In the murder investigation of 10-year-old Jessica Ridgeway, DNA evidence is expected to play a key role in the trial. DNA of the suspect, 17-year-old Austin Sigg, was found on Ridgeway’s backpack, and Ridgeway’s DNA was found in Sigg’s home.

The prosecution in the Ridgeway case is expected to use the DNA recovered from the backpack and Sigg’s home to link him to the murder. The defense is expected to argue that the evidence recovered is unreliable. A mainstream news story, “DNA Will Play Pivotal Role in Ridgeway Case” discusses how DNA evidence can be unreliable by using the example that an innocent sneeze on the backpack could lead someone to be a murder suspect. That is an extreme example, but maybe it raises a valid point.
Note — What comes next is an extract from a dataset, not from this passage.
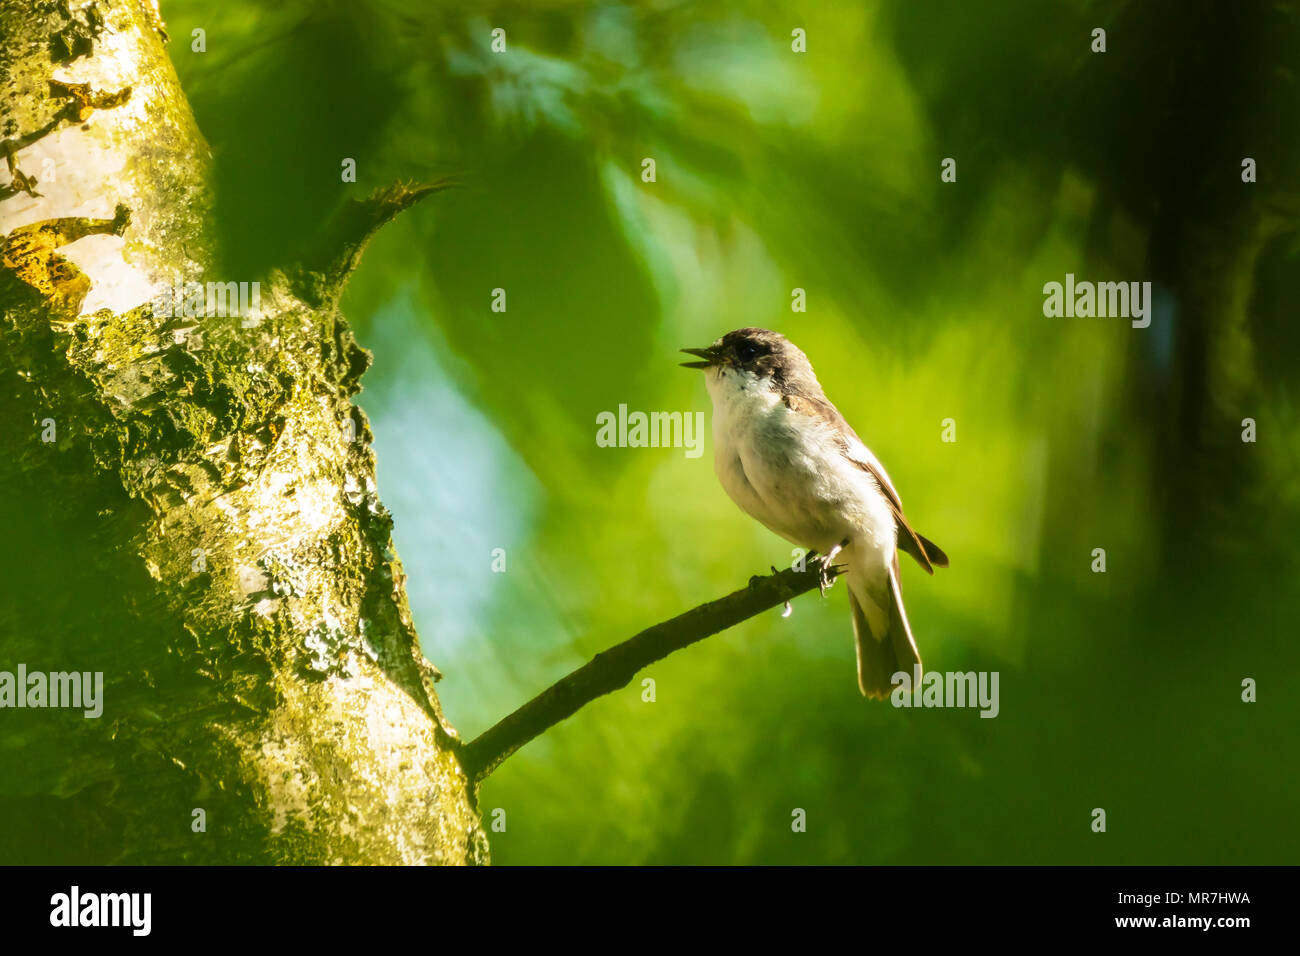 Primer plano de un europeo de aves papamoscas cerrojillo (Ficedula hypoleuca) donde se posan en una rama, cantando en un bosque verde durante la primavera temporada de cría. Foto de stock
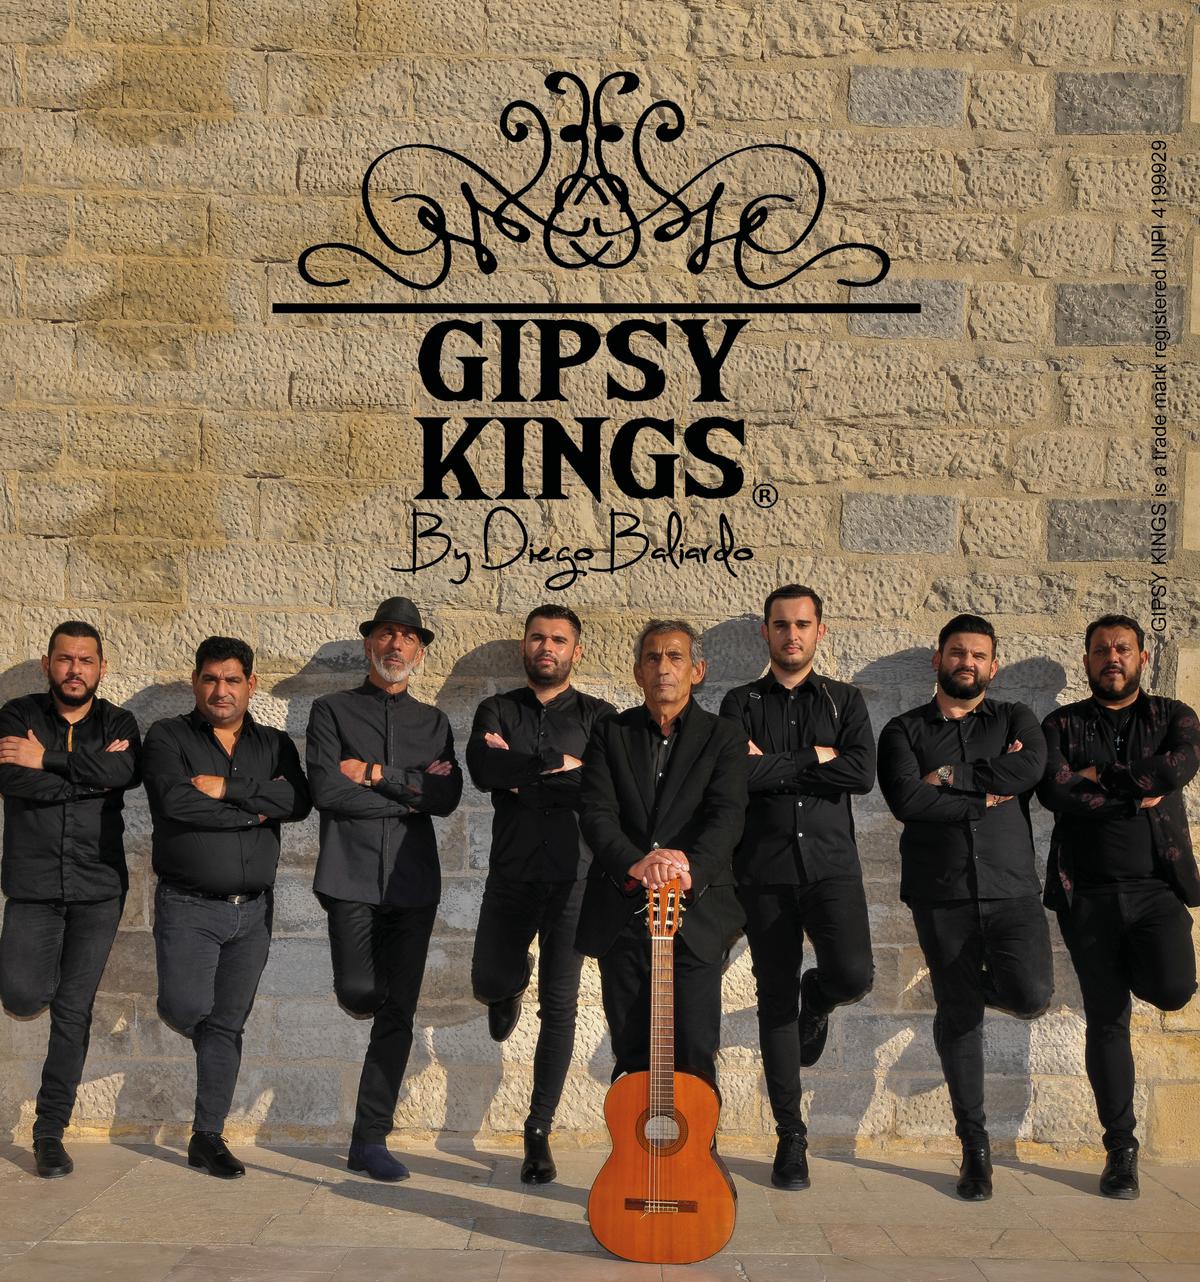 Gypsy Kings

David H. Kaye, in The Science of DNA Identification: From the Laboratory to the Courtroom (and Beyond), raised concern over the obtainment and future use of DNA in the criminal justice system. Kaye discussed that while DNA can lead to a guilty suspect being put in jail, we should be cautious about how detectives obtain DNA from suspects and what they do with the DNA afterwards. Kaye raises questions such as: how did the police obtain a DNA sample from the suspect, was DNA obtained from other suspects during the investigation (ones who were ultimately decided to be innocent), and will the DNA sample from those other suspects be put into a criminal database to potentially be used in future investigations? These are questions that we should keep in mind as our criminal justice systems evolves.